Namun, mereka yang baru-baru ini memilih partai konservatif tradisional juga lebih memilih Harris ketimbang Trump, dengan margin yang signifikan sebagian besar waktu: 89% pemilih Venstre di Swedia, 78% pemilih Christian Democrat (CDU/CSU) di Jerman, 66% pemilih partai Rakyat di Spanyol, dan 58% pemilih Partai Konservatif di Inggris.
Dan bahkan di antara orang Eropa Barat yang baru-baru ini memilih partai sayap kanan jauh, nasib angka responden yang relatif besar di semua tujuh negara mengatakan mereka lebih suka melihat Harris terpilih sebagai presiden daripada pesaing Republikannya.
Trump adalah kandidat favorit pemilih sayap kanan jauh di Spanyol, Inggris, Jerman, dan Italia, dengan 54% pemilih Vox (dibandingkan dengan 23% yang lebih memilih Harris), 51% pemilih Reform UK, 50% pemilih Alternatif untuk Jerman di Jerman, dan 44% pemilih Saudara Italia mengatakan mereka ingin mantan presiden itu mendapatkan masa jabatan kedua. Namun, di antara pemilih Demokrat Swedia, 49% mengatakan mereka lebih memilih Harris di Gedung Putih daripada 31% yang lebih memilih Trump, sementara 46% yang memilih Marine Le Pen dalam putaran kedua pemilihan presiden Prancis 2022 mengatakan mereka lebih memilih kandidat Partai Demokrat AS menang, dibandingkan dengan 31% yang lebih memilih Trump.
Orang Eropa Barat kurang yakin, bagaimanapun, bahwa keinginan mereka akan menjadi kenyataan. Harapan umum adalah bahwa Harris akan keluar sebagai pemenang pada 5 November, tetapi angka tersebut lebih rendah, berkisar dari 43% di Italia, 46% di Swedia dan Inggris, 47% di Prancis, dan 52% di Spanyol hingga 61% di Jerman.
Ditanya apakah mereka menganggap presiden Demokrat yang berkuasa, Joe Biden, telah melakukan pekerjaan yang hebat, baik, rata-rata, buruk, atau mengerikan, penilaian paling umum di antara negara-negara yang disurvei adalah “rata-rata”, dengan persentase orang yang memiliki pandangan tersebut berkisar dari 39% di Inggris hingga 46% di Spanyol dan 47% di Jerman.
Mereka kebanyakan berpikir Harris akan melakukan pekerjaan yang lebih baik, dengan keyakinan yang paling umum di setiap negara adalah bahwa wakil presiden saat ini akan membuat kepala negara yang “hebat” atau “baik”. Sekitar 37% orang Italia memegang pandangan tersebut, naik menjadi 45% di Spanyol, 57% di Jerman, dan tertinggi 64% di Denmark.

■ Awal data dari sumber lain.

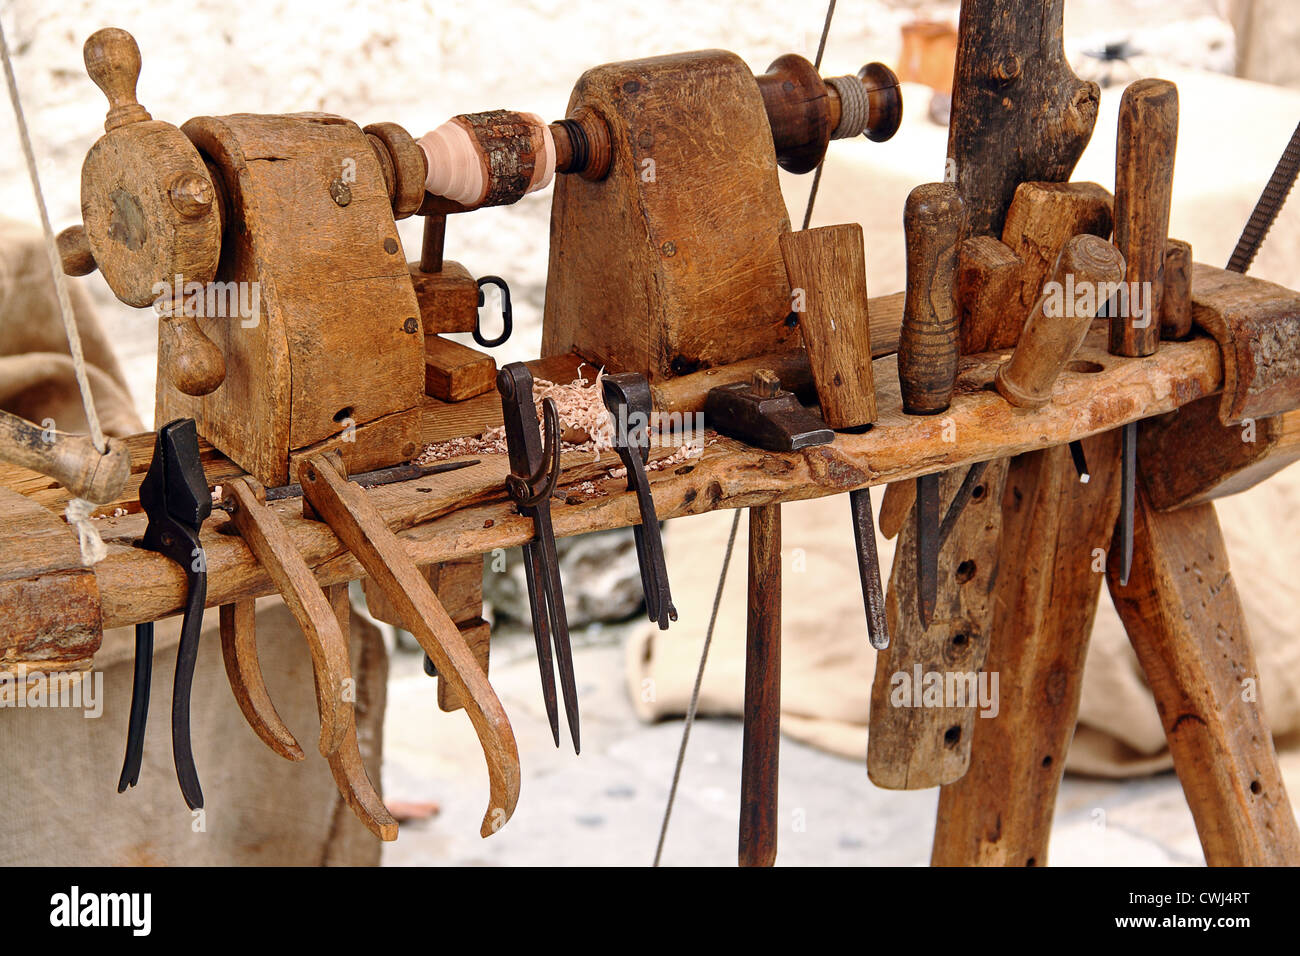 Un viejo torno con un conjunto de herramientas para trabajar la madera: martillo, cinceles, alicates Foto de stock

Harapan sangat buruk untuk Trump. Di setiap negara, pandangan paling umum – mulai dari 48% di Italia, melalui 59% di Prancis dan 69% di Inggris hingga 77% di Denmark – adalah bahwa kandidat Republikan itu akan menjadi presiden yang “buruk” atau “mengerikan”.
Jika Trump dikalahkan di tempat pemungutan suara minggu depan, orang Eropa Barat mengharapkan kekerasan. Sebanyak 73% di Denmark berpikir bahwa akan “pasti” atau “mungkin” terjadi kekerasan jika Harris menang, dengan antara 62% dan 67% yang memiliki penilaian yang sama di sebagian besar negara-negara lain yang disurvei.
Italia sekali lagi menjadi pengecualian, dengan jajak pendapat, yang dilakukan selama periode 10 hari pada pertengahan Oktober, menunjukkan hanya 47% yang menganggap kekerasan mungkin terjadi. Namun, di sana juga, persentasenya lebih besar dari 32% yang menganggap kekerasan tidak mungkin.